И вот теперь я снова спрашиваю тебя (так как у меня по-прежнему нет ответа на этот вопрос): в чем была цель, тайный смысл или хоть какая-нибудь польза от всего этого? Или это был какой-то гигантский эксперимент Того, Кто есть над нами, муравьями, населяющими Землю и наивно считающими себя хозяевами своего бытия и своих судеб? А дано ли муравьишкам познать смысл и цель Божьих экспериментов? Хоть если — скажу без утайки — это Его забавляло, я лично поучаствовал бы в битье Его стекол!
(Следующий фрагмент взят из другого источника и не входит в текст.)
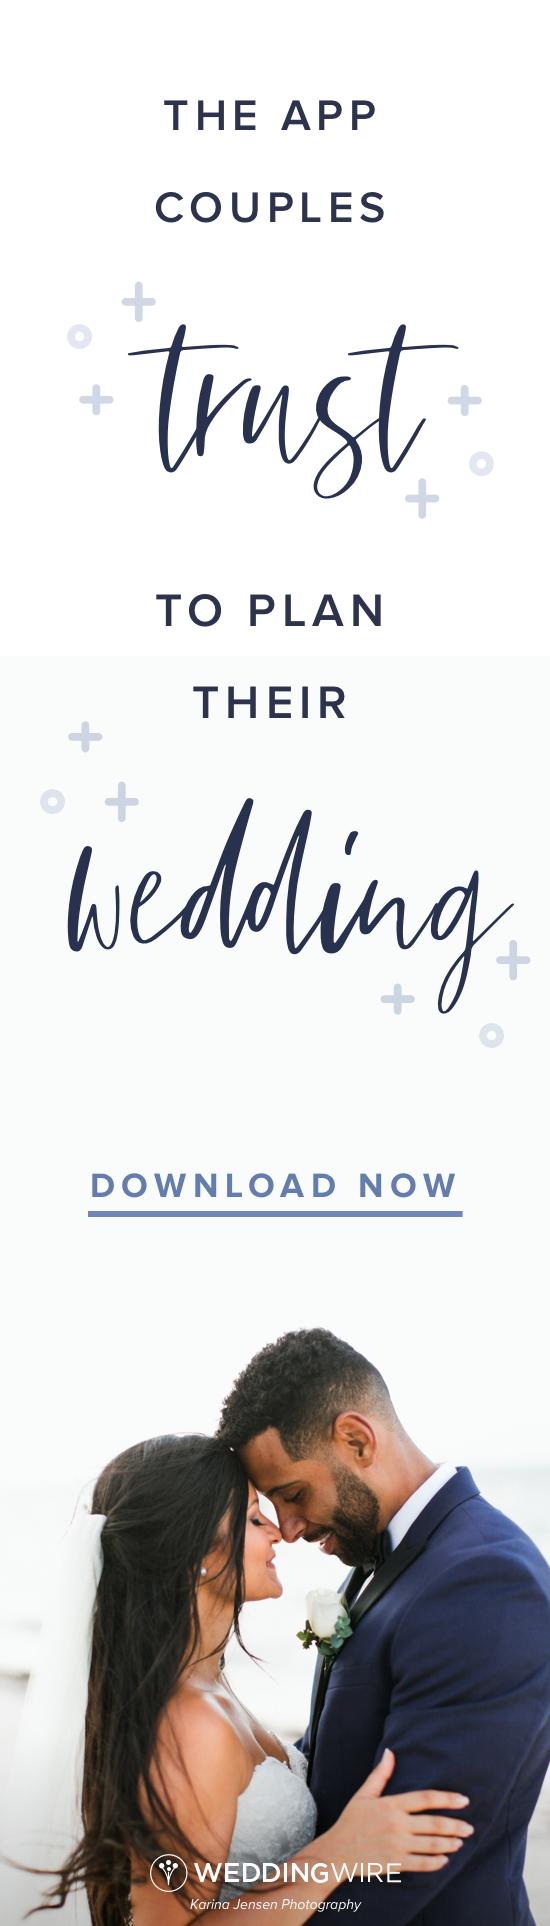 Get the FREE Wedding Planning App! It\'s got a checklist, budget ...

Но не торопись отвечать на мой вопрос — ты ошибешься, если поспешишь с обобщениями или если ты не заметил или не пожелал заметить, что рядом с этим миром бесправия, страха и мутной неуверенности в завтрашнем дне существовал другой, параллельный мир. Именно он смущал и вводил в заблуждение как меня, так и тех писателей и журналистов из «Метрополя»: в этом втором мире добросовестно и самоотверженно великие ученые работали над потрясающими открытиями; дети ходили в школы, молодежь — в институты и университеты; создавались прекрасные книги, пелись искренние песни, рождались математики мирового уровня и выдающиеся поэты, советский человек пытался проникнуть в глубины Вселенной и атомного ядра… В том, втором мире, был Московский Художественный театр и Большой театр, была Галина Уланова, а «лишние билетики» на концерты начинали спрашивать за пять кварталов от театра, там был Эрмитаж, были Шолохов, непобедимые шахматисты, Папанин и Чкалов, был Эйзенштейн, открывший новую эру в кино — СССР был самой читающей и самой молодой страной в мире.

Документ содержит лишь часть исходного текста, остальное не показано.